When management issues optimistic outlooks during a bear market, investors critique them as delusional. The same typically applies when pessimistic outlooks are delivered during bull markets. In the case of 3M, management has pointed to 2023 revenue being flat or even contracting by 3%. This statement seems pretty attached to reality given that the consumer and healthcare business segments may remain a bit slow during the coming months as markets and consumers adjust to higher costs and interest rates.

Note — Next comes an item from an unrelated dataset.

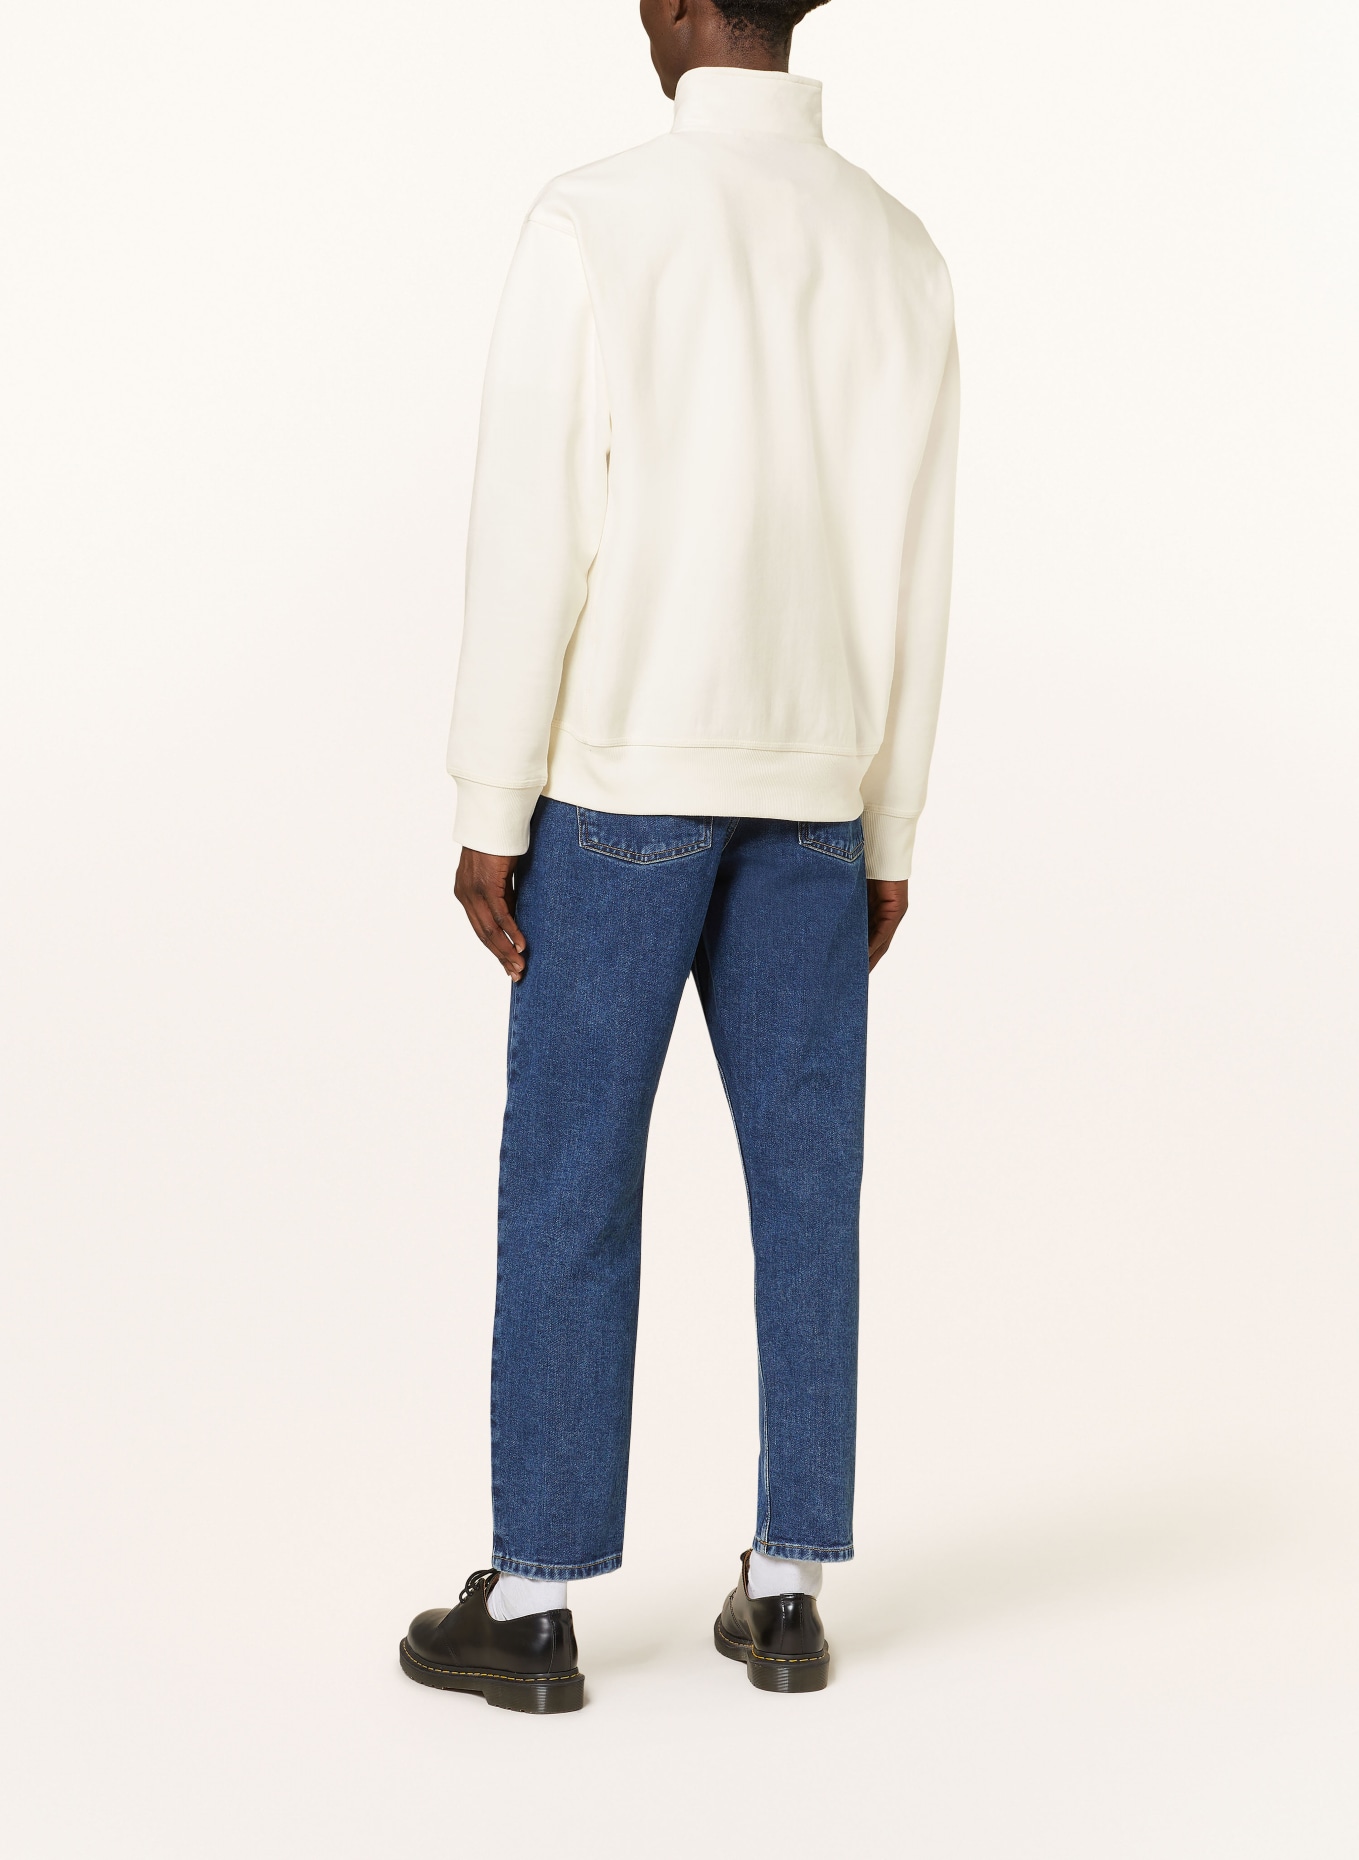 carhartt WIP Half-zip sweater in sweatshirt fabric, Color: BEIGE (Image 3)
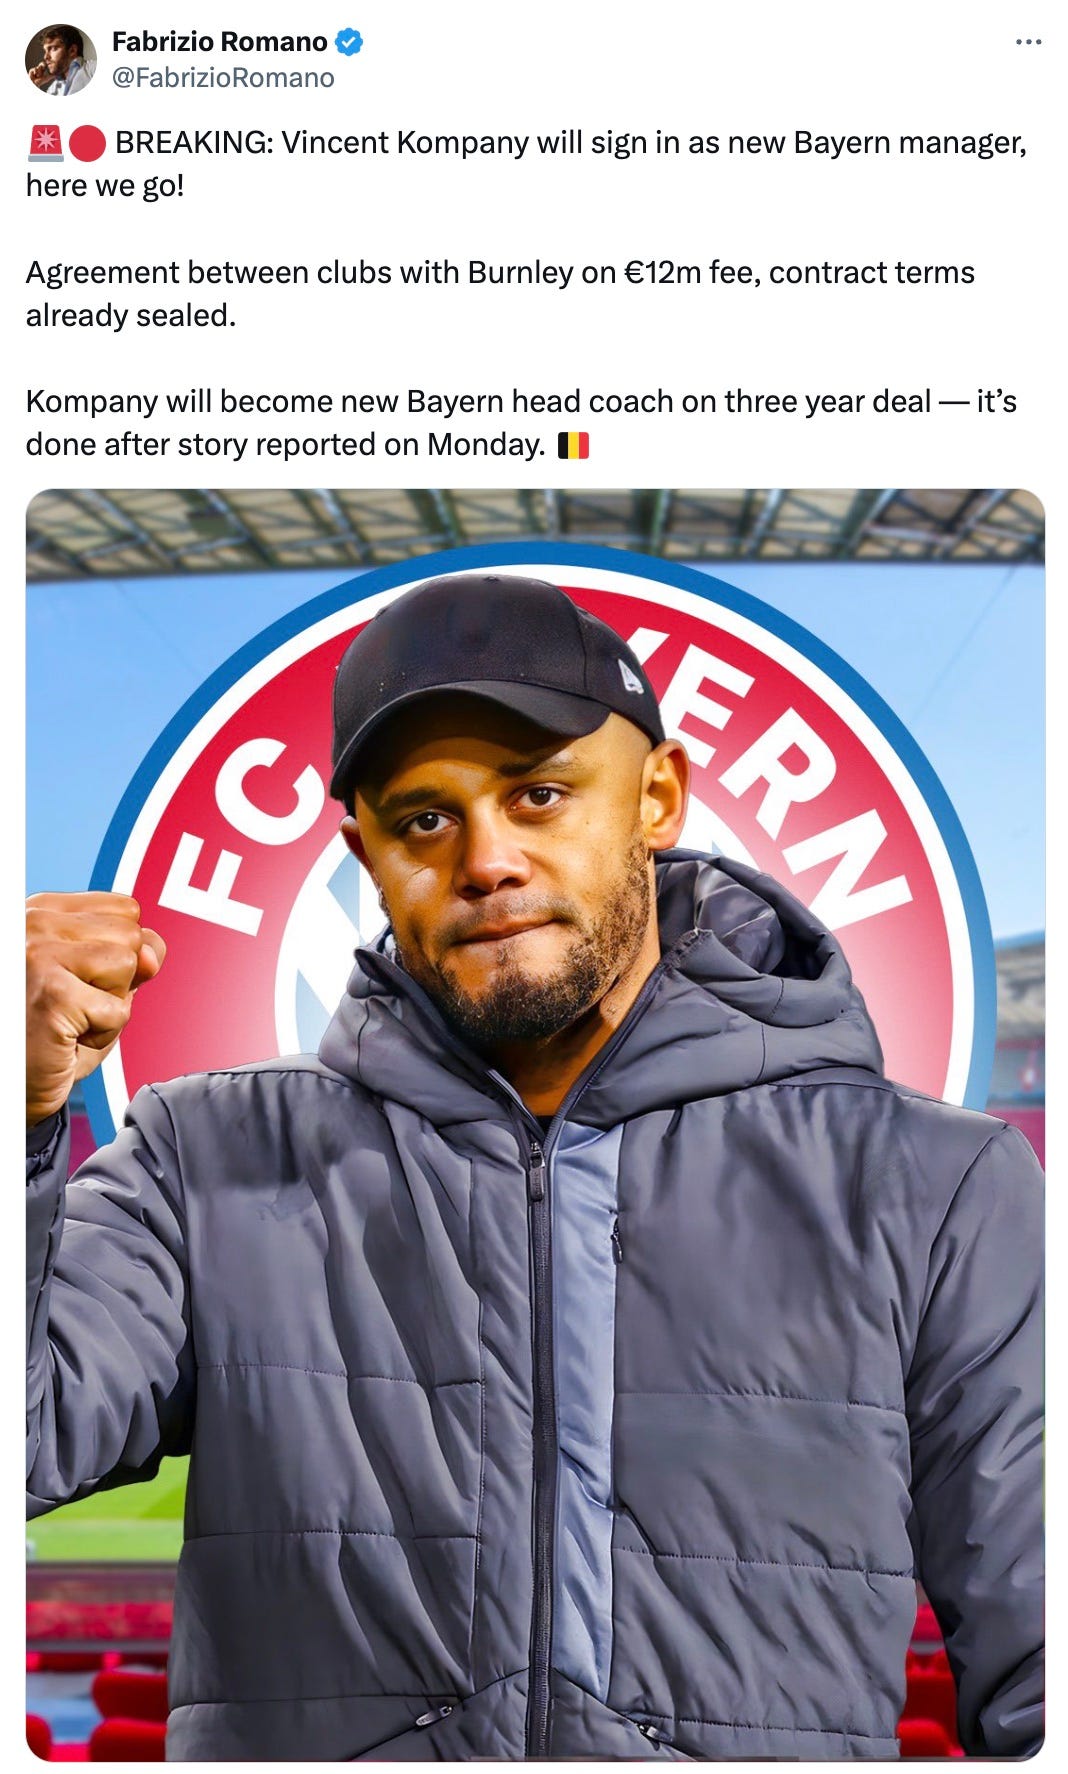 A tweet by Fabrizio Romano about Vincent Kompany joining Bayern Munich as manager

Further disappointing analysts and wall street estimates, management pointed to adjusted earnings per share from $8.50 to $9.00. Earnings per share as of 2022 stand at $10.18 equating to a price-to-earnings ratio of 10.1x, shall stock prices remain compressed investors are looking at a 2023 price-to-earnings ratio of 12.1x to 11.4x. Whichever way analysts look at it, the reputable household name seems undervalued even when considering management's bearish guidance. Consensus upside by analysts seems to agree with this angle.

Technically speaking

Not only are 52-week low prices enough of an incentive for investors to add MMM to a sensible watchlist, but there is also a tremendous support level in the $89.40 to $98.40 per share range, which has been tested multiple times since 2004. A weekly Fibonacci retracement will reveal that the stock is trading within the "golden ratio" of 78.6% and 61.8% retraction, nicknamed because of its high predictability of pushing prices back.

Lastly, there are strong bullish divergences in weekly indicators such as RSI, Stochastics, and MoneyFlowIndex. Bullish divergences are determined when the stock price makes lower lows and lower highs while the chosen indicator makes higher highs and/or higher lows. The technicals and fundamentals may have finally cooperated to bring 3M on a silver platter.